Closed frostRed closed 6 years ago

frostRed commented 6 years ago

I need to solve a time vary delay differential equations like this and I find dde() can only solve the const delay differential equation. The following code can not run.

using Plots
pyplot()

using DifferentialEquations

tau1(t) = 0.2 * sin(t) ^ 2
# tau1 = 1
function rossler(t, u, h, du)
    du[1] = -u[2] - u[3] + 0.3 * h(t - tau1(t))[1]
    du[2] = u[1] + 0.2* u[2]
    du[3] = 0.2 - 5.7 * u[3] + u[1] * u[2]
end

u0 = [1.2;1.2;1.2]
lags1 = [tau1]
h1(t) = zeros(3) 
tspan = (0.0,100.0)
prob = DDEProblem(rossler, h1, u0, tspan, lags1)
alg = MethodOfSteps(DP8())
sol = solve(prob,alg)

plt = plot(sol,vars=(1,2,3), xlabel = "x", ylabel = "y", zlabel = "z")
ChrisRackauckas commented 6 years ago

Hey, I think our tutorial needs some updates, but you can solve it. If you see

http://docs.juliadiffeq.org/latest/types/dde_types.html

you'll see there's a spot for telling the solver what the state-dependent lags (as a tuple of functions lag(t,u)) are. Here's an example from the tests, where it sets a "state-dependent delay" as a function which returns a constant (of course, it doesn't need to be a constant, but this is just for testing...)

https://github.com/JuliaDiffEq/DelayDiffEq.jl/blob/master/test/dependent_delays.jl#L14

So that's how you set it. I'll get a tutorial written up: I thought we already did that but I guess not.

Other information:

If you don't set the state-dependent lags, then using RK4() is the same as MATLAB's ddesd.
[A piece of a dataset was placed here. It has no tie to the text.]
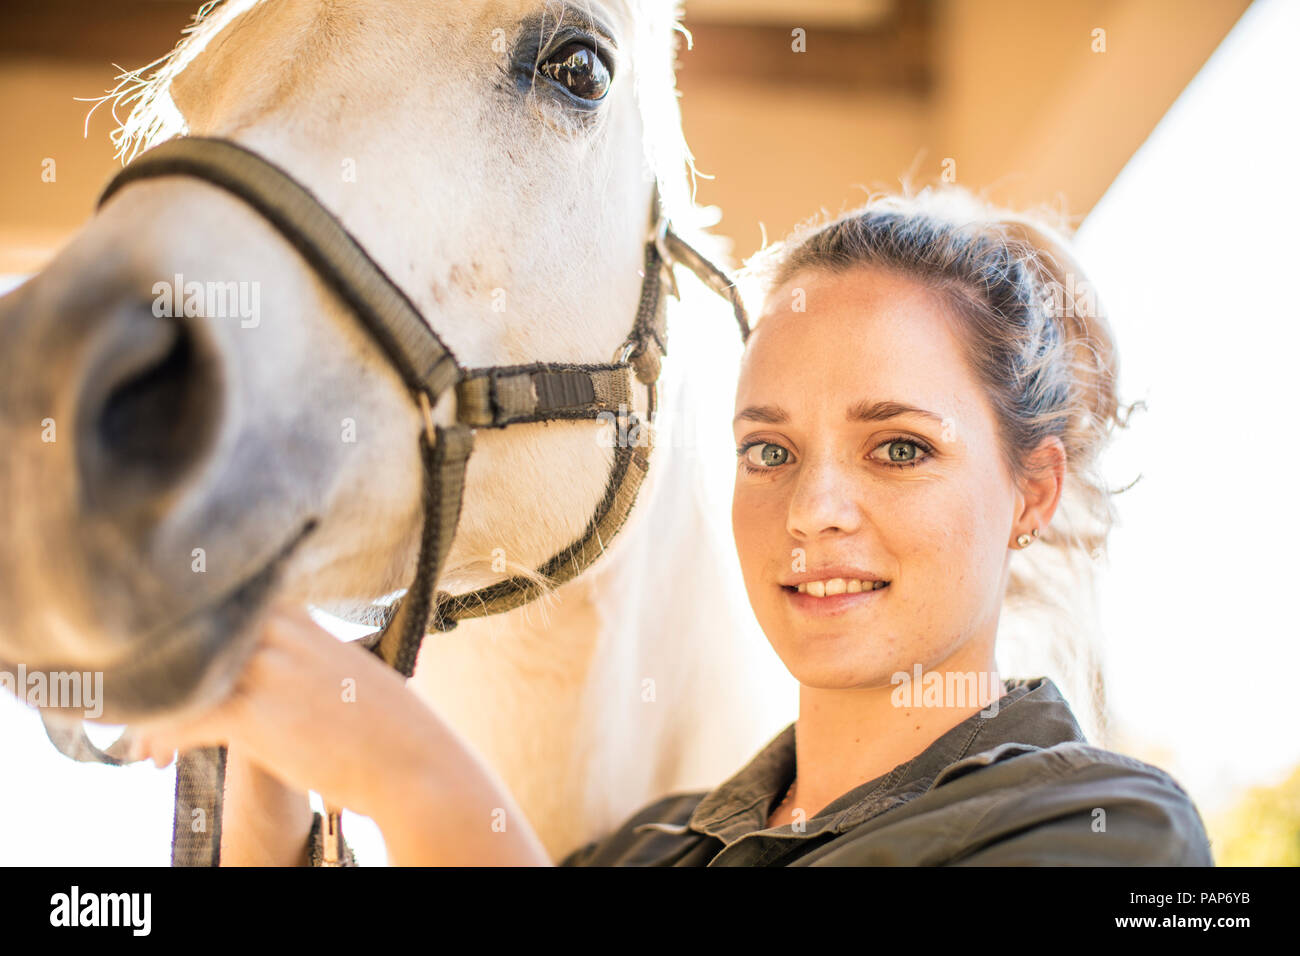 Portrait of smiling woman with a horse on a farm Stock Photo

This is actually quickly mentioned at the bottom of the tutorial:

http://docs.juliadiffeq.org/latest/tutorials/dde_example.html#Undeclared-Delays-1

While this works, ddesd is notoriously bad (even Shampine's paper shows this) because it isn't able to exactly handle the discontinuities, which is mentioned here:

http://docs.juliadiffeq.org/latest/solvers/dde_solve.html#Lag-Handling-1

If the tolerance is low enough, that's okay, but I'd recommend setting the state-dependent delays if you want the answer to be more accurate more efficiently so it can do discontinuity tracking.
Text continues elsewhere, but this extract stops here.